Lyon avec transport les a revus tous deux ;
Et quand sa main offrait à ces fils généreux
Le prix où leur valeur avait droit de prétendre,
D’elle ils n’ont accepté qu’un fer pour la défendre.
Mais à leurs simples noms désormais est lié
Ce noble dévouement qu’eux seuls ont oublié.
Ah ! si ma faible voix les pouvait tous redire,
Que de faits glorieux animeraient ma lyre !
De tant de citoyens, vain-et sublime effort,
Tandis qu’ils opposaient, sans désarmer le sort,
L’union à la force et le courage au nombre,
On vit soixante fois le jour remplacer l’ombre !
Mais leurs toits s’écroulaient sous les feux dévorants ;
Mais la mort sans relâche éclaircissait leurs rangs :
Tout leur manque à la fois, et la faim menaçante
Soulève au milieu d’eux sa force pâlissante !
Le Rhône semble fuir de ces bords désolés.
Lui-même aux assiégeants, dans ses flots écoulés,
Il ouvre un gué facile, et son onde tarie,
Ainsi que la fortune, a trahi sa patrie.
Cédez, le ciel le veut ; cédez, tristes Français ;
Vous luttez vainement ; vos maux sont à l’excès :
Fuyez, allez chercher quelque lointain asile.
Lyon, de tes enfants une moitié s’exile !
Que dis-je ! cet exil, ils ne l’atteindront pas ;
Le meurtre et la vengeance ont volé sur leurs pas.

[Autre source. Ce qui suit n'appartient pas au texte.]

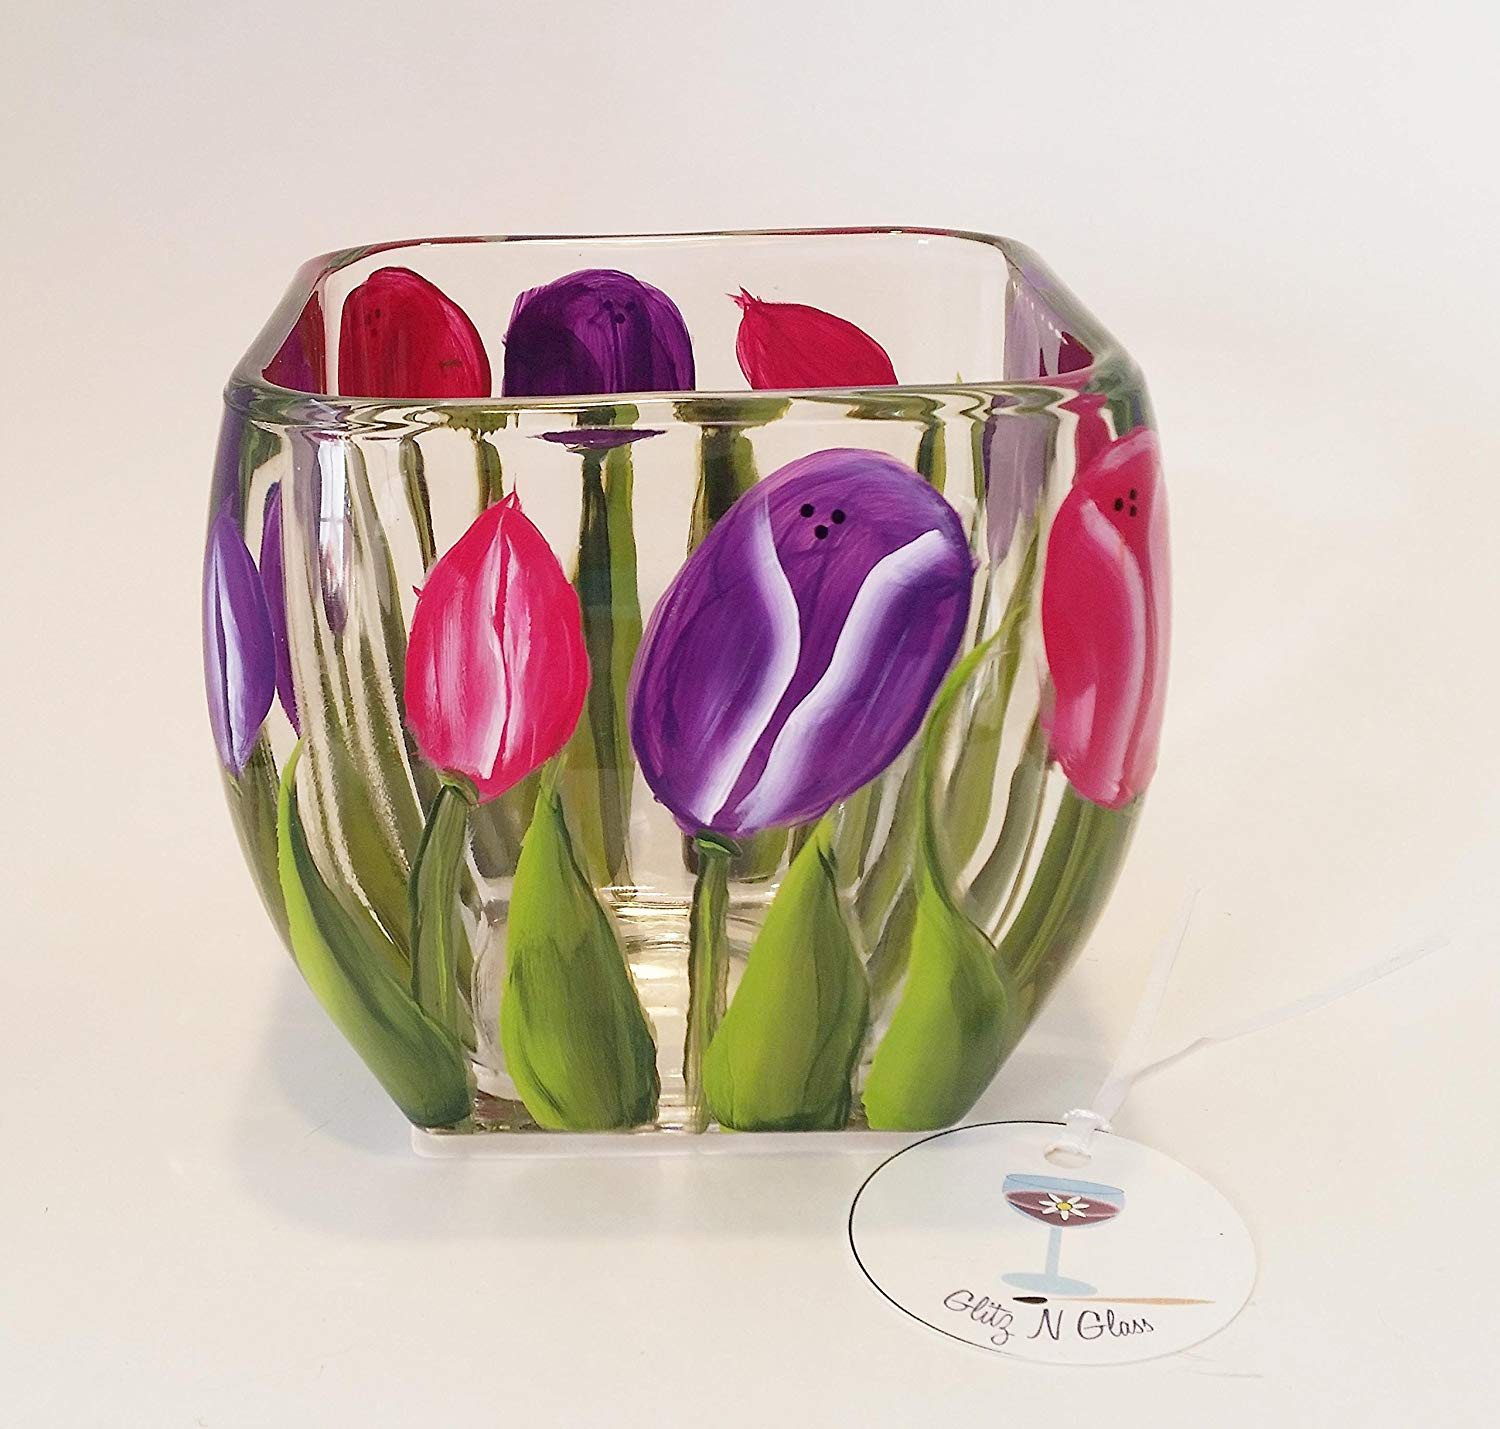 29 Recommended Red Glass Vases and Bowls 2022 free download red glass vases and bowls of amazon com hand painted glass square bowl pink and purple tulips throughout amazon com hand painted glass square bowl pink and purple tulips handmade

Cachez, ah ! cachez-moi cette fuite sanglante !...
 
Mais aux murs de Lyon, le deuil et l’épouvante,
Avec ses oppresseurs, sont entrés à la fois,
Et règnent avec eux au nom sacré des lois ;
Du sceau réprobateur ils marquent leur conquête.
Déjà, pour satisfaire à leur rage secrète,
Les murs trop lentement tombent sous le marteau,
Trop lentement s’abat l’homicide couteau.
Pour des forfaits plus prompts, la mèche est allumée,
Le canon part, répond à la mine enflammée,
La mort et la ruine à la fois ont frappé !
Leur espoir cette fois n’a pas été trompé ;
Sous les débris fumants de la ville qui croule,
Le sang en longs ruisseaux de toutes parts s’écoule,
Et le génie altier de l’antique Albion
Debout sur le détroit, l’œil fixé sur Lyon,
Se repaissant des maux où la France est en proie,
Trois fois trouble les airs par un long cri de joie !
Il n’est pas temps encore ! En vain tu t’es flatté
Qu’un peuple malheureux, proscrit, persécuté,
Disperserait au loin son errante industrie ;
Il faut à ses travaux le ciel de la patrie.
Fleuves, champs paternels, beaux vallons du Mont-d’Or,
Loin de vous, pour vous seuls, il garde ce trésor ;
Et le premier soleil, après de longs orages,
Reverra ses métiers enrichir vos rivages.
Tel, au penchant des monts, si d’un essaim mouvant
Le toit mal assuré cède à l’effort du vent,
Arrachée à l’abri de la ruche native,
Vous voyez l’habitante effarouchée, oisive,
D’une aile vagabonde errer dans la forêt,
Et de ses doux travaux oublier le secret ;
Mais qu’un bras vigilant relève son asile,
Soudain le peuple ailé reprend sa loi tranquille.
Portant de fleurs en fleurs un fructueux essor,
Dans la cire odorante il épanche à flots d’or
Un butin embaumé, pareil à l’ambroisie
Qu’inventa pour ses dieux l’antique Poésie.